O Rei D. Sebastião, óleo sobre tela de Cristóvão de Morais, pintor português que teve atividade conhecida entre 1551 e 1571. Museu Nacional de Arte Antiga, Lisboa, Portugal
Este retrato do rei D. Sebastião é da autoria de Cristóvão de Morais, que foi um excelente pintor português do séc. XVI. Cristóvão de Morais foi, com toda a certeza, um dos melhores pintores maneiristas portugueses. Ao olhar para este quadro, não posso deixar de notar que ele é um bom retrato de um mau rei, porque mal aconselhado: o rei de Portugal D. Sebastião. Não vale a pena insistir no facto de que D. Sebastião trouxe a desgraça para Portugal quando se fez matar na batalha de Alcácer Quibir, no norte de África, em 4 de agosto de 1578.
Como seria de esperar, a batalha de Alcácer Quibir vem referida nos livros de História de Marrocos. Não é todos os dias que um rei é morto num campo de batalha, seja em Marrocos ou seja onde for. O que é surpreendente é o modo como os marroquinos reagem diante de um interlocutor português, quando o assunto é abordado, e lhe dizem: «Sim, é verdade que nós ganhamos, mas a batalha de Alcácer Quibir foi somente uma batalha entre muitas que houve entre as nossas duas nações. Nós ganhamos algumas, vocês também ganharam algumas, mas o que importa é que agora estamos todos em paz e somos todos amigos». Fica a sensação de que esta desvalorização da importância da batalha de Alcácer Quibir por parte dos marroquinos é apenas uma manifestação de gentileza. Os marroquinos são um povo gentil, atencioso, tolerante e acolhedor. E, o que é mais importante, não nutrem qualquer rancor ou ressentimento para com os portugueses. Isto mesmo eu verifiquei pessoalmente em diversas ocasiões.
Efetivamente, quando eu disse uma vez a um marroquino que era português, ele soltou uma sonora gargalhada e exclamou: «É português? Então somos grandes inimigos! Ahahahahah!» Por momentos julguei que ele me iria dar um grande abraço, o abraço do reencontro de dois "grandes inimigos". Mais tarde, fiquei a pensar.

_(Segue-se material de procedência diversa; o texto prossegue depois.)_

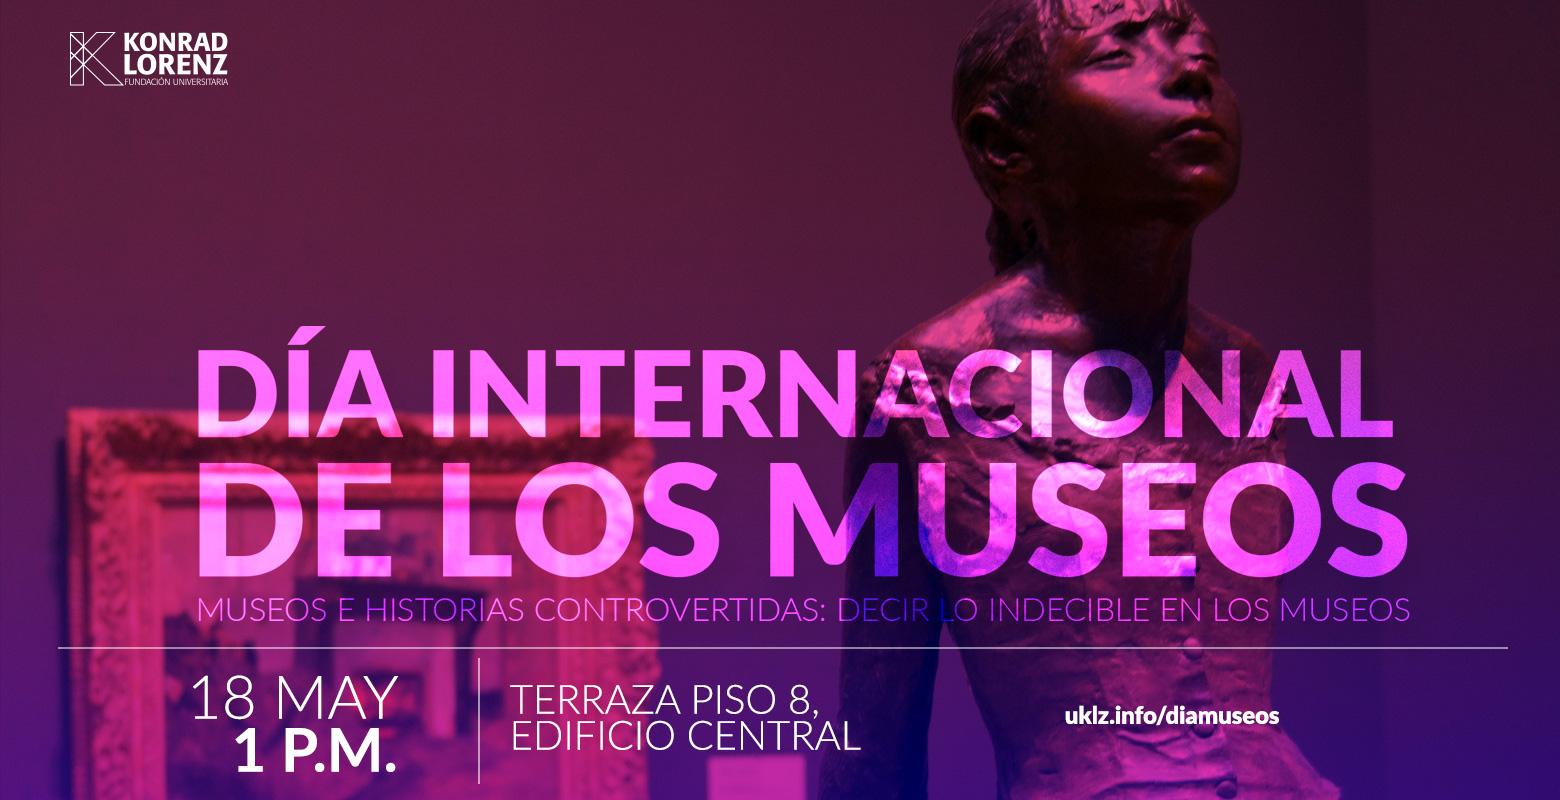 Día internacional de los museos 2017

No ano 711, os mouros atravessaram o Estreito de Gibraltar, vindos do Norte de África, e rapidamente se apoderaram da Península Ibérica, com exceção das Astúrias, conquistando o fraco Reino dos Visigodos, que não era mais do que uma frágil federação de senhores feudais. Começou assim um ciclo de conquistas e reconquistas, invasões e recuos, grandes batalhas e pequenas escaramuças, tanto em solo ibérico como em solo norte-africano, entre mouros e cristãos, que, no caso português, se prolongou até ao ano 1769, ano em que Portugal abandonou a sua última posição em terras de Marrocos, a fortaleza de Mazagão. Por determinação do Marquês de Pombal, os ocupantes da fortaleza foram então transferidos para a foz do Rio Amazonas, onde fundaram uma povoação também chamada Mazagão.
Agora, como dizia António Guterres, «é só fazer as contas». Estas contas revelam que, ainda e só no caso português, se passaram
1058 anos entre o primeiro acontecimento e o último. Foram 1058 anos de ódios e de guerras, em que cristãos e muçulmanos se esquartejaram mutuamente, enquanto gritavam, uns contra os outros, «Morte aos infiéis!». Foram 1058 anos com montanhas e montanhas de mortos, rios e rios de sangue, milhões e milhões de órfãos e de viúvas, uma dor incomensurável e lágrimas sem fim. 1058 anos. Tudo isto para quê? Para que alguém, na viragem do séc. XX para o séc. XXI, se ria e graceje: «É português? Então somos grandes inimigos! Ahahahahah!» O ódio e o fanatismo, que tanto mal causaram, apagaram-se e converteram-se em anedota. Valeu a pena ter havido tantos mortos?